Now, if you take into account that the total Grayscale weekly investment inflows averaged $69.7 million USD during the second quarter of 2020, consider for a moment that a mere 2% allocation of that amount into Bitcoin Cash, would take out the total weekly Bitcoin Cash (BCH) mining supply. In order to soak up the Litecoin weekly new mine supply, an allocation of 3.1% would do the trick. (Calculated on 4.5 weeks per month).
With all of that in mind, we’d also note that Grayscale’s Digital Large Cap Fund (GDLC), which only started trading publicly, November 22nd, 2019, holds a 2% of Bitcoin Cash (BCH) allocation.

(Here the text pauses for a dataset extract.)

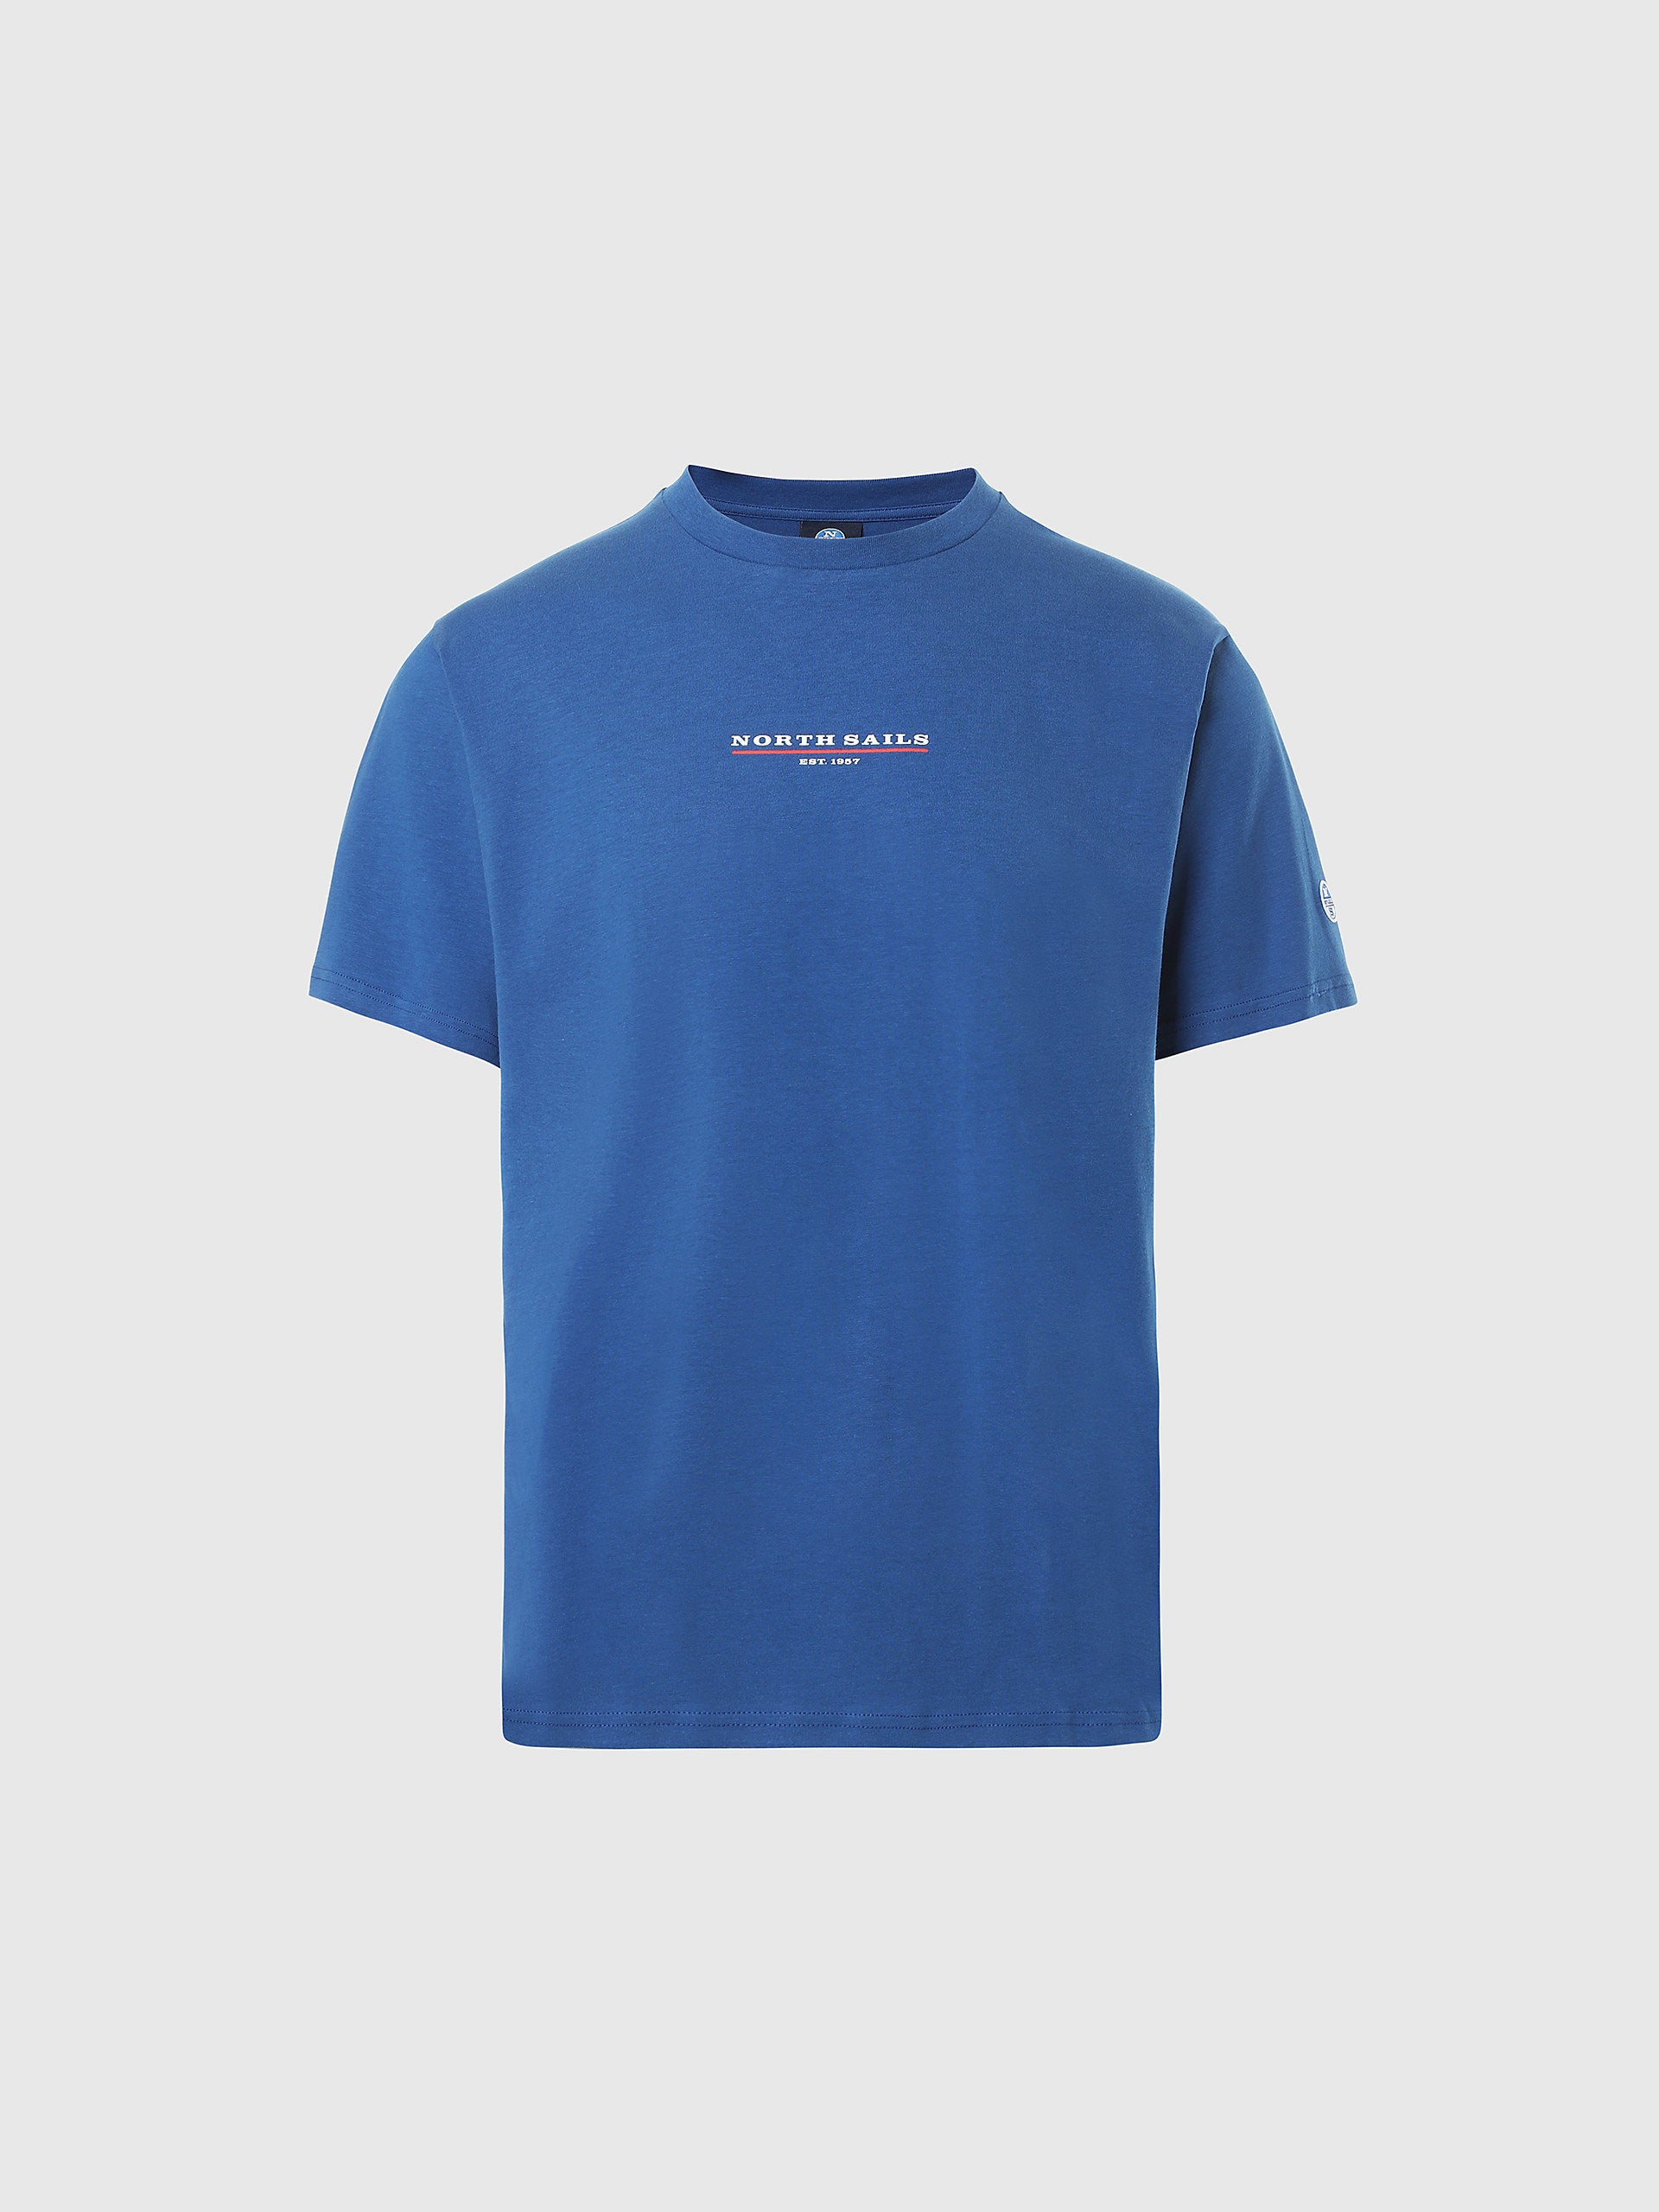 North Sails - T-shirt with chest printNorth SailsOcean blueXXL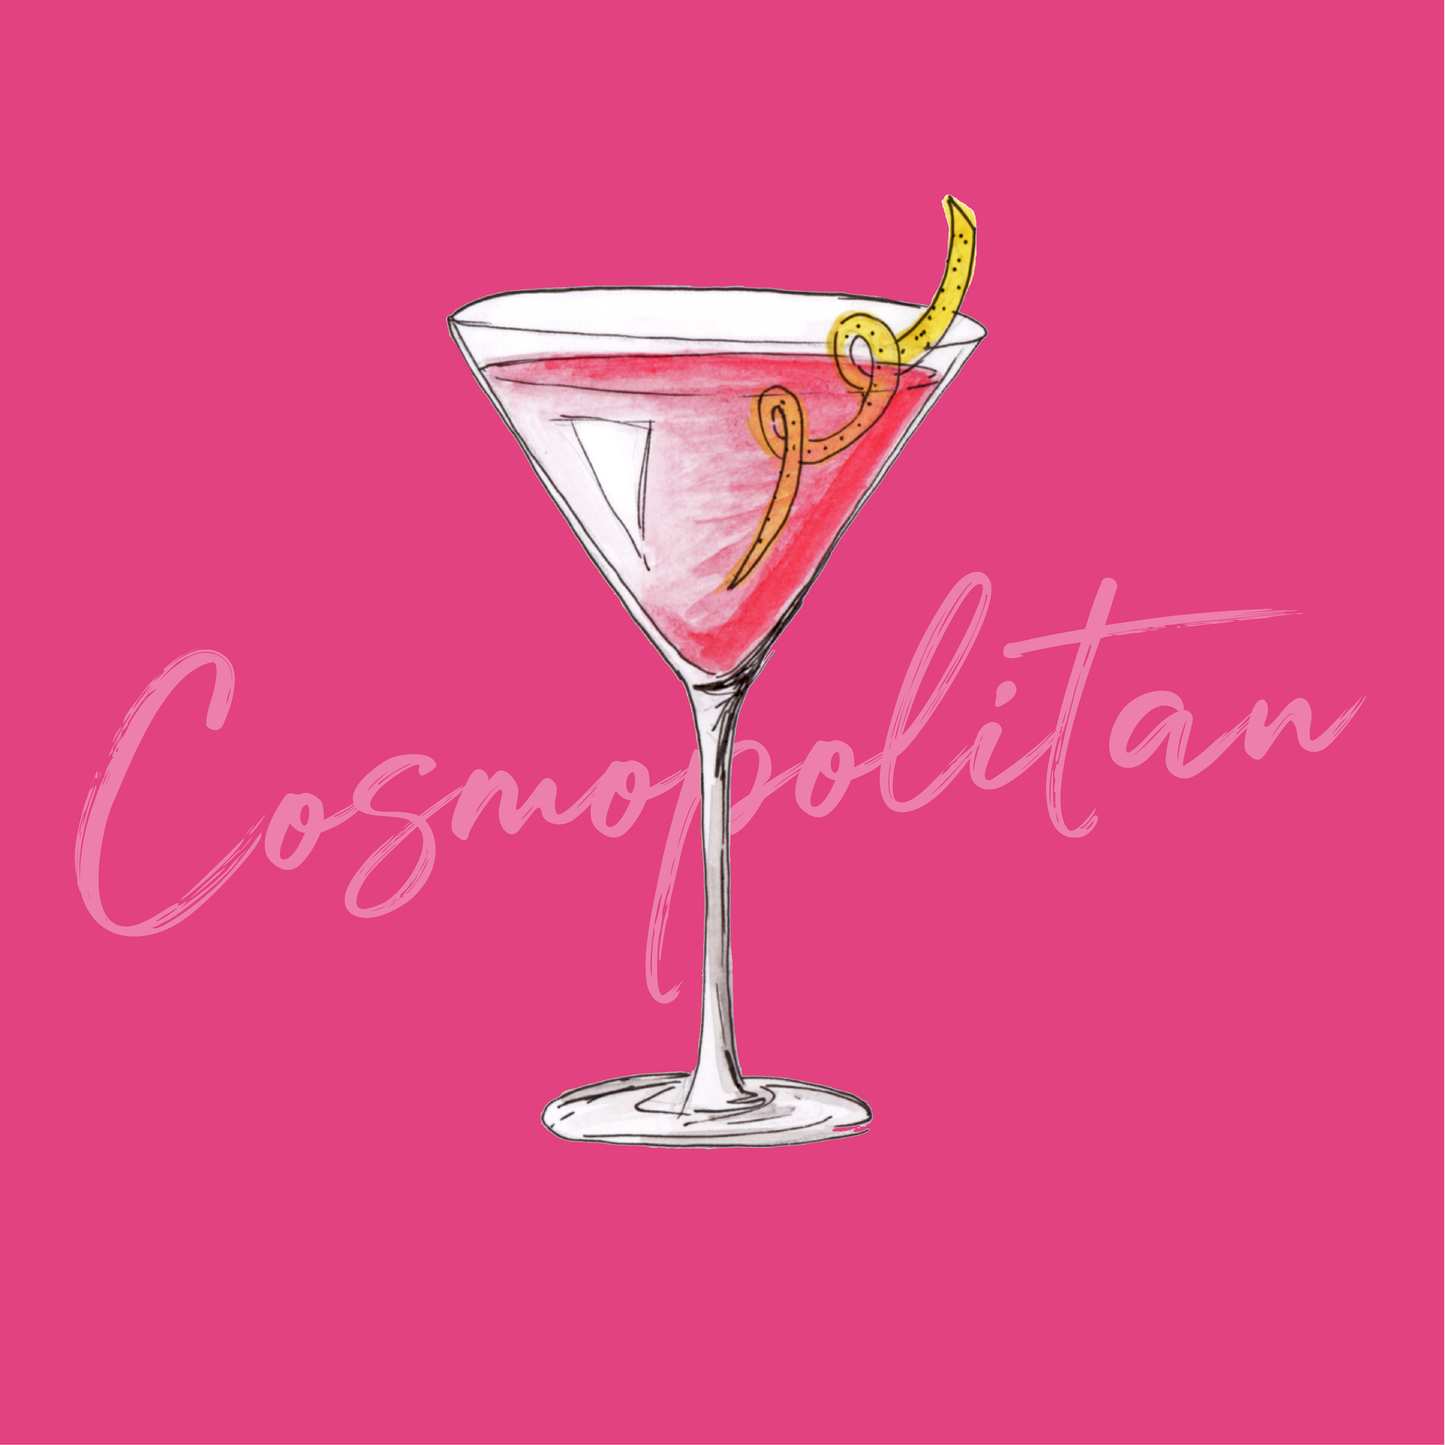 Cosmopolitan illustrated drinks coaster

Grayscale Digital Large Cap Fund composition:
- Bitcoin (BTC) – 80.7 % weighing
- Ethereum (ETH) – 12.1% weighing
- XRP – 4% weighing
- Bitcoin Cash (BCH) 2% weighing
- Litecoin (LTC) – 1.2% weighing
Complete list of Grayscale products at the time of writing
- Grayscale Bitcoin Trust (Public)
- Grayscale Bitcoin Cash Trust (Public)
- Grayscale Ethereum Trust (Public)
- Grayscale Ethereum Classic Trust (Public)
- Grayscale Litecoin Trust
- Grayscale Horizen Trust
- Grayscale Stellar Lumens Trust
- Grayscale XRP Trust
- Grayscale Zcash Trust
- Grayscale Digital Large Cap Fund (Public)
Final takeaway – The Coming Grayscale Effect
Clearly, we are not advocating to invest in any particular cryptocurrency, but we think it is valuable to understand that whenever the next bull run emerges, it is highly likely that cryptocurrencies with an easy-to-use, qualitative onramp geared towards the traditional investor community, will be benefiting immensely.
A simple change of narrative combined with a smaller sized market cap cryptocurrency could be explosive when considering the many billions, up to trillions of dollars which are being managed by investors through traditional brokerage accounts, IRA’s, 401K, and so on. All of which have little to no digital asset exposure. Simply said, if the bull market started today in earnest, where could they go? Today, it’d be Grayscale’s publicly traded digital asset products.
So, in our humble view, your time might be well spent by keeping an eye on all current and upcoming publicly-listed Grayscale products.